If that's possible, that would be great of course.
We want to be able to tell how many tasks in a domain (the system or a
memory cgroup) are inside a memdelay section as opposed to how many
are in a "productive" state such as runnable or iowait. Then derive
from that whether the domain as a whole is unproductive (all non-idle
tasks memdelayed), or partially unproductive (some delayed, but CPUs
are productive or there are iowait tasks). Then derive the percentages
of walltime the domain spends partially or fully unproductive.
For that we need per-domain counters for
1) nr of tasks in memdelay sections
2) nr of iowait or runnable/queued tasks that are NOT inside
memdelay sections
The memdelay and runnable counts need to be per-cpu as well. (The idea
is this: if you have one CPU and some tasks are delayed while others
are runnable, you're 100% partially productive, as the CPU is fully
used. But if you have two CPUs, and the tasks on one CPU are all
runnable while the tasks on the others are all delayed, the domain is
50% of the time fully unproductive (and not 100% partially productive)
as half the available CPU time is being squandered by delays).
On the system-level, we already count runnable/queued per cpu through
rq->nr_running.
However, we need to distinguish between productive runnables and tasks
that are in runnable while in a memdelay section (doing reclaim). The
current counters don't do that.
Lastly, and somewhat obscurely, the presence of runnable tasks means
that usually the domain is at least partially productive. But if the
CPU is used by a task in a memdelay section (direct reclaim), the
domain is fully unproductive (unless there are iowait tasks in the
domain, since they make "progress" without CPU). So we need to track
task_current() && task_memdelayed() per-domain per-cpu as well.

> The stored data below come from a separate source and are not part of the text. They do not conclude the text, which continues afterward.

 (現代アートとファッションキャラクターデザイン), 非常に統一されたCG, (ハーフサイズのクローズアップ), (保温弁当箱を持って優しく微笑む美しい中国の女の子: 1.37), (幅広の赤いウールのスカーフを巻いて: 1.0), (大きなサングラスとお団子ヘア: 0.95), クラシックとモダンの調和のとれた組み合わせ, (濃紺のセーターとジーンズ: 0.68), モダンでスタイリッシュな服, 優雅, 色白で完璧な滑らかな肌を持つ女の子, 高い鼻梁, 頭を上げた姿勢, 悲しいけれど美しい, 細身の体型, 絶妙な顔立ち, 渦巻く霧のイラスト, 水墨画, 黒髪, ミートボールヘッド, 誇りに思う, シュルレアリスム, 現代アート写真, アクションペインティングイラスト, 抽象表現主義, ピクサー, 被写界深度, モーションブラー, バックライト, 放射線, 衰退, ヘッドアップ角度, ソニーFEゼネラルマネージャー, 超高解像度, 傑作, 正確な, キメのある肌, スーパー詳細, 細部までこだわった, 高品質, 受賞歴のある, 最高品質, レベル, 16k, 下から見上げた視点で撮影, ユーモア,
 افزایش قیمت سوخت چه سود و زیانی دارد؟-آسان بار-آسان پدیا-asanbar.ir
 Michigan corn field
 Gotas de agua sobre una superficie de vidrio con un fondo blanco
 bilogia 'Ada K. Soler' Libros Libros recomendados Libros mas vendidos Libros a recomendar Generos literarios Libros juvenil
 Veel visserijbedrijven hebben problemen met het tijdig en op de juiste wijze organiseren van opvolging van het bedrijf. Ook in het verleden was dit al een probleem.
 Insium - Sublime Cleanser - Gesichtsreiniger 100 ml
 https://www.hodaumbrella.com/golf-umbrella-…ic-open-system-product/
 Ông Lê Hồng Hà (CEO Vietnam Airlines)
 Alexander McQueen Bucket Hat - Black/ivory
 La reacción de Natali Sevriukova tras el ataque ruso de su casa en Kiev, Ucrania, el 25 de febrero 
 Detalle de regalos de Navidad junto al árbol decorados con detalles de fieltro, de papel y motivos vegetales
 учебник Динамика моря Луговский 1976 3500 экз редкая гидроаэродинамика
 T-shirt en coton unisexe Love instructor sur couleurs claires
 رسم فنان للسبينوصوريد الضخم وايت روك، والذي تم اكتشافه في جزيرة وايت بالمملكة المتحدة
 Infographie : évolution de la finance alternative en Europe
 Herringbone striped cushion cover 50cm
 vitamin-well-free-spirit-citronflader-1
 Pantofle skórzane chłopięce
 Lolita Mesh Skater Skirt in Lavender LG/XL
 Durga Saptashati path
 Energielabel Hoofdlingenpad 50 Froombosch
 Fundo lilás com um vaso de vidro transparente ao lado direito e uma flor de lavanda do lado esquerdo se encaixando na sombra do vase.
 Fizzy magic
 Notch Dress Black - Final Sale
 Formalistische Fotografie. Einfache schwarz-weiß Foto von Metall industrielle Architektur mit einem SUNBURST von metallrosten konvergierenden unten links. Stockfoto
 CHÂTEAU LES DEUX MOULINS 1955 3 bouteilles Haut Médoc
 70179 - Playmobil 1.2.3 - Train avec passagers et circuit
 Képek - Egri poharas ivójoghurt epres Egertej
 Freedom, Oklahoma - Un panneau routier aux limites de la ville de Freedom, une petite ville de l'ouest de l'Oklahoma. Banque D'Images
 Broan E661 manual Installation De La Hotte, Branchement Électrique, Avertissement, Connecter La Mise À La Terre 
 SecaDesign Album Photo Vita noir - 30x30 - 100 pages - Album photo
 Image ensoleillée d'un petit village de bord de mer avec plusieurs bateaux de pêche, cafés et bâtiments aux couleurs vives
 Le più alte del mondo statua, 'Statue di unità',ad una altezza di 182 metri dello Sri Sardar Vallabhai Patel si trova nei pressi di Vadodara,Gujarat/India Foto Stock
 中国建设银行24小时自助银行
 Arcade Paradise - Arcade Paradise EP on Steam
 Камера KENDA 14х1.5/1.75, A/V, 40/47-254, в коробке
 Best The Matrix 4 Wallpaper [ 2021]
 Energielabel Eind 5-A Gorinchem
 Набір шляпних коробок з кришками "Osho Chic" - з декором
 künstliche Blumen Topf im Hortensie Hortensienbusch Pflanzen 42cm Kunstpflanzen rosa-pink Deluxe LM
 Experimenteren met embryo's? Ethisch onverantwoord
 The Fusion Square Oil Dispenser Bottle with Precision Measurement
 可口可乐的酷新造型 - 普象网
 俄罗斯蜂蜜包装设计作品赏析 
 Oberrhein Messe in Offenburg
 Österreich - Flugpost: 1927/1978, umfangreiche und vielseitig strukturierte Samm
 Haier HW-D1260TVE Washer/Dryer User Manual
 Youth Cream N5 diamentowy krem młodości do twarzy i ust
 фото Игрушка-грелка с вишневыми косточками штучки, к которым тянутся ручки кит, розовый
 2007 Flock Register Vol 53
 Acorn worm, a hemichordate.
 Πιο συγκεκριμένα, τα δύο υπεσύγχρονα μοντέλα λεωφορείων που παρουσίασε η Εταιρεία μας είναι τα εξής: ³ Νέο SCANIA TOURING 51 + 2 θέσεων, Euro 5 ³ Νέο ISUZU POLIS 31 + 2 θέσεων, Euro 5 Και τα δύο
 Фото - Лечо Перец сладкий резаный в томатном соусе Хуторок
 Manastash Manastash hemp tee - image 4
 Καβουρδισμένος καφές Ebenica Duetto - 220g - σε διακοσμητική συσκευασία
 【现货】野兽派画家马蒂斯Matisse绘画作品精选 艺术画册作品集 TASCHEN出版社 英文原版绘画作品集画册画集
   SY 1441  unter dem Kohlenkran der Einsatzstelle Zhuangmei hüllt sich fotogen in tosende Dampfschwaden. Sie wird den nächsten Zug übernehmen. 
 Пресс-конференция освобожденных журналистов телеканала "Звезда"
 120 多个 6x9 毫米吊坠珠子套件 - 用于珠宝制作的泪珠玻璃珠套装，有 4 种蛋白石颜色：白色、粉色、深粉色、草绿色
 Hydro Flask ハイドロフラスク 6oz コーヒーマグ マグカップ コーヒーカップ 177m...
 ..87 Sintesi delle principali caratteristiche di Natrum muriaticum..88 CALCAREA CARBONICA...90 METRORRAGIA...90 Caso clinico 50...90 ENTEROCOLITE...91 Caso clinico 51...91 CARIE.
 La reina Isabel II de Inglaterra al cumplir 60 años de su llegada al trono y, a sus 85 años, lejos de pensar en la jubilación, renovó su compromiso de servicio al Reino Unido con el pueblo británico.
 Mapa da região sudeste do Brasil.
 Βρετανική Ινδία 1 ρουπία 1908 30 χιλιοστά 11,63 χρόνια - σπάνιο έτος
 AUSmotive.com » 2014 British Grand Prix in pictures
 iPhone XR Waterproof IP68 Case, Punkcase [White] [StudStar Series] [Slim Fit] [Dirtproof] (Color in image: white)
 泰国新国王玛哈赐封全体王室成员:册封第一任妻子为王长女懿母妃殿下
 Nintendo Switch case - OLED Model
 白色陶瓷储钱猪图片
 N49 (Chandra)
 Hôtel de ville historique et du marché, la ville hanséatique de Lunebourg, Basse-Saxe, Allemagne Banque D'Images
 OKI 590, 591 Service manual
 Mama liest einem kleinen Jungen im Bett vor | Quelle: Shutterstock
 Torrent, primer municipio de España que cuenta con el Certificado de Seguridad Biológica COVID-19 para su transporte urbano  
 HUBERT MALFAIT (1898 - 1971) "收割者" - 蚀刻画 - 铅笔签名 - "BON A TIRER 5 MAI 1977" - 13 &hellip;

Now, thinking only about the system-level, we could split
rq->nr_running into a sets of delayed and non-delayed counters
(present them as sum in all current read sides).
Adding an rq counter for tasks inside memdelay sections should be
straight-forward as well (except for maybe the migration cost of that
state between CPUs in ttwu that Mike pointed out).
That leaves the question of how to track these numbers per cgroup at
an acceptable cost. The idea for a tree of cgroups is that walltime
impact of delays at each level is reported for all tasks at or below
that level. E.g. a leave group aggregates the state of its own tasks,
the root/system aggregates the state of all tasks in the system; hence
the propagation of the task state counters up the hierarchy.